3. Order that Local Access be given 60 days after the resolution of all appeals to file a properly supported motion for attorney fees and costs directly related to the issue of the rated CDRs, from March 20, 2023, through the date of the resolution of any appeals.4. Otherwise, DENY the Motion for Sanctions.
NOTICE TO PARTIES
The party has fourteen days from the date the party is served a copy of this report to file written objections to this report's proposed findings and recommendations or to seek an extension of the fourteen-day deadline to file written objections. 28 U.S.C. § 636(b)(1)(C). A party's failure to file written objections waives that party's right to challenge on appeal any unobjected-to factual finding or legal conclusion the district judge adopts from the Report and Recommendation. See 11th Cir. R. 3-1; 28 U.S.C. § 636(b)(1).

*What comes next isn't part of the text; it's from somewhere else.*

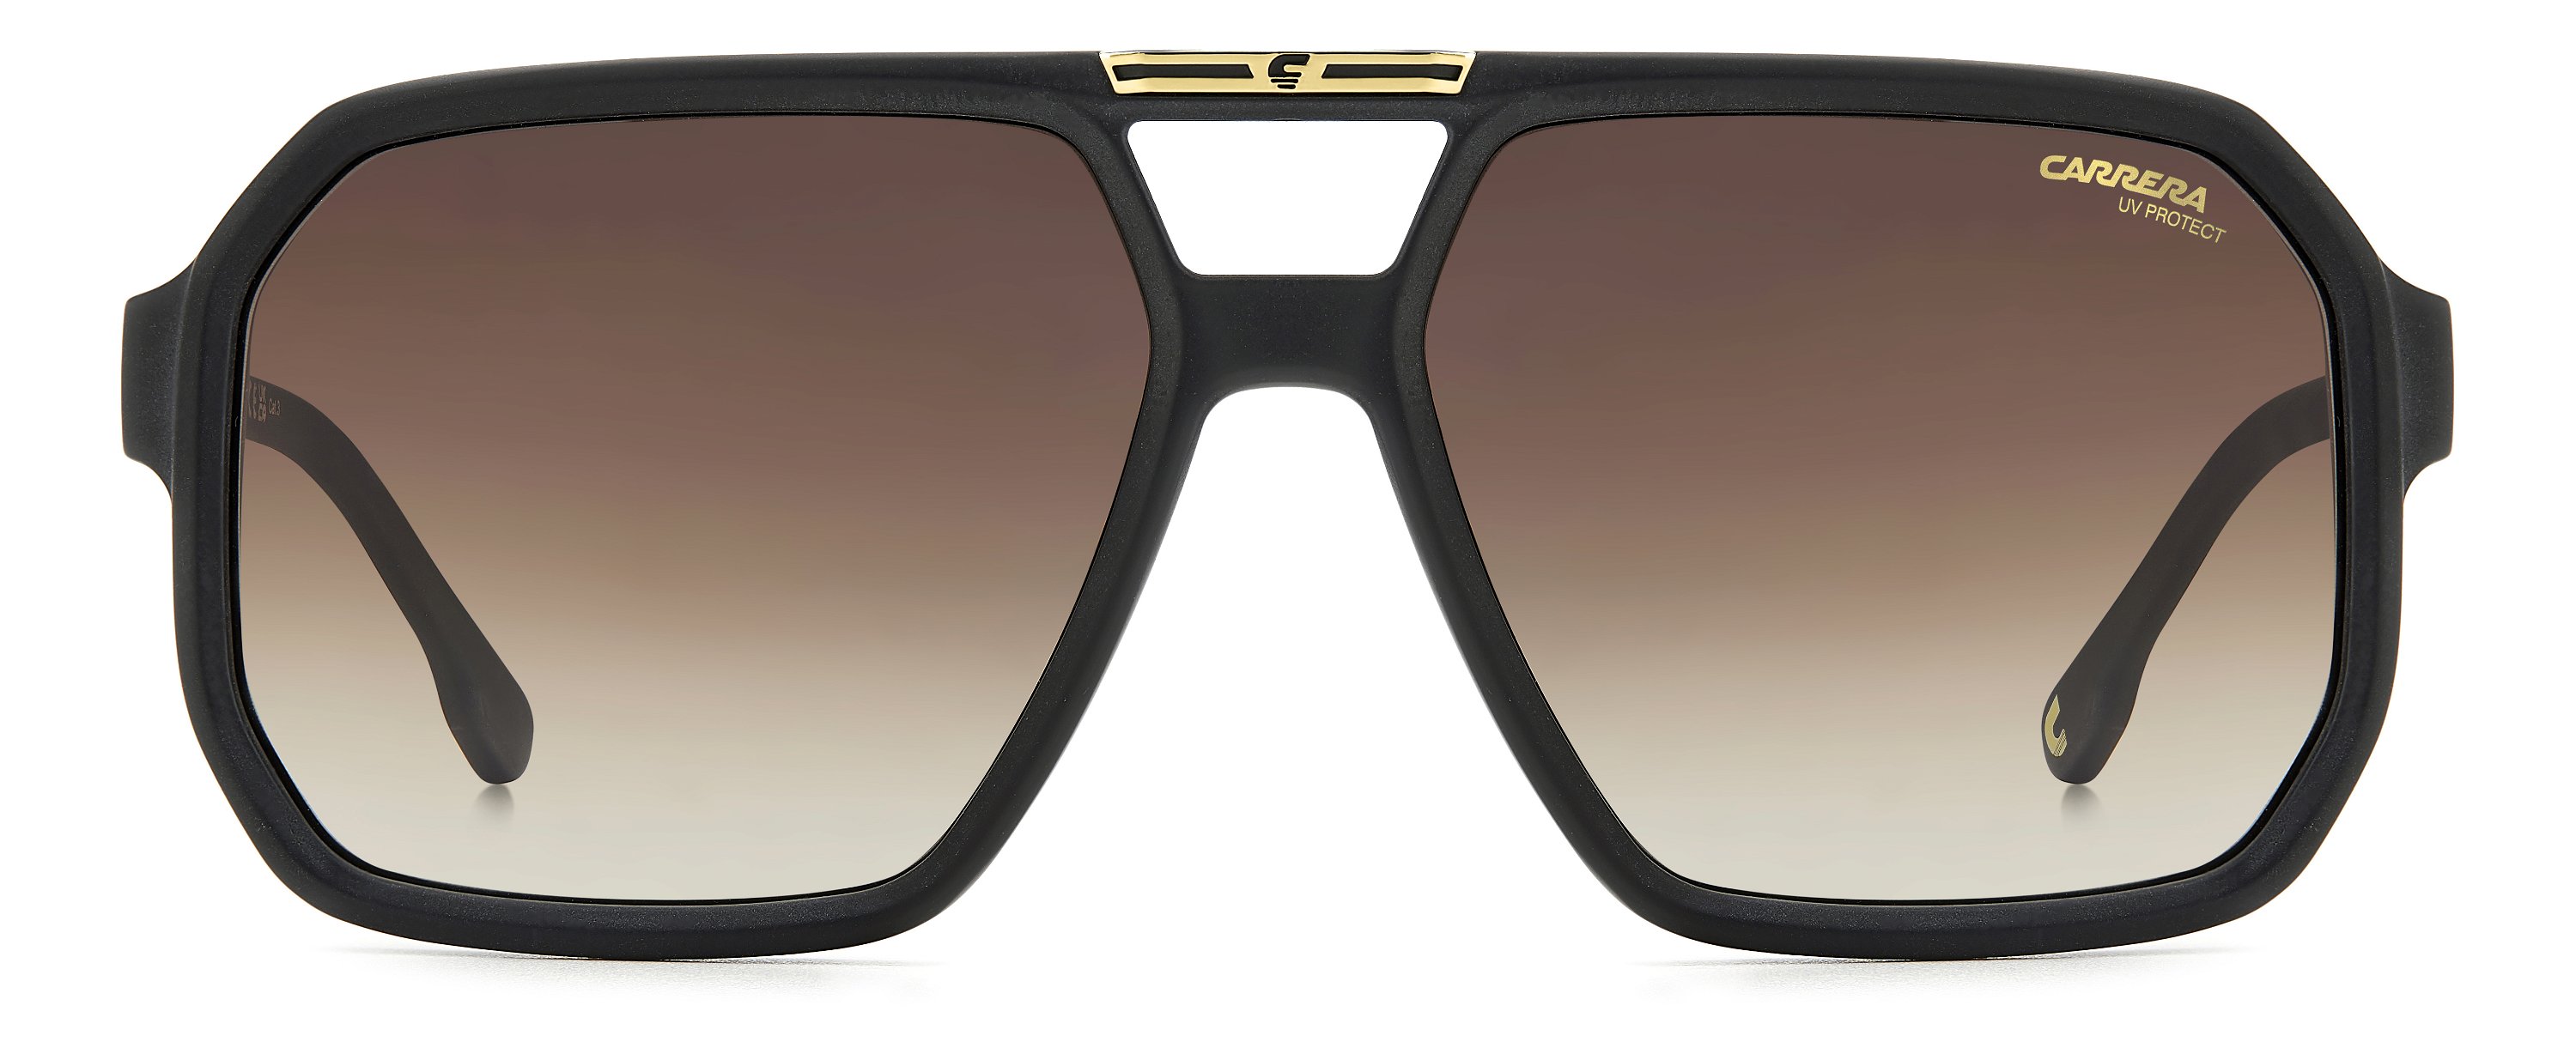 Das Bild zeigt die Sonnenbrille C01/S 003 von der Marke Carrera in  matt schwarz.

Recommended in Orlando, Florida on September 6, 2024.
Footnotes
This Report & Recommendation (“R&R”) cites to material that has been filed under seal. However, consistent with Judge Berger's prior statement that proceedings in this Court are public and court filings are matters of public record, this R&R has been filed publicly. (Doc. 1201 at 1 n.2.)
Peerless appears to have received a litigation hold letter from its counsel on May 23, 2017; however, the contents of that letter are privileged and were redacted. (Def. Ex. 8 at Doc. 1347-2.) Thus, the undersigned cannot discern whether Peerless was told to retain the rated CDRs (Tr. 152:10–14), and the undersigned does not attribute any value to the purported litigation hold letter.
The Court may take judicial notice of “a fact that is not subject to reasonable dispute because it ... can be accurately and readily determined from sources whose accuracy cannot reasonably be questioned.” Fed. R. Evid. 201(b)(2). The Court takes judicial notice of filings on its docket. See Fed. R. Evid. 201(c)(1); United States. v. Clayton, No. 3:16-cv-404-J-34MCR, 2020 WL 3428065, at *2 n.2 (M.D. Fla. June 23, 2020) (taking judicial notice of its own docket).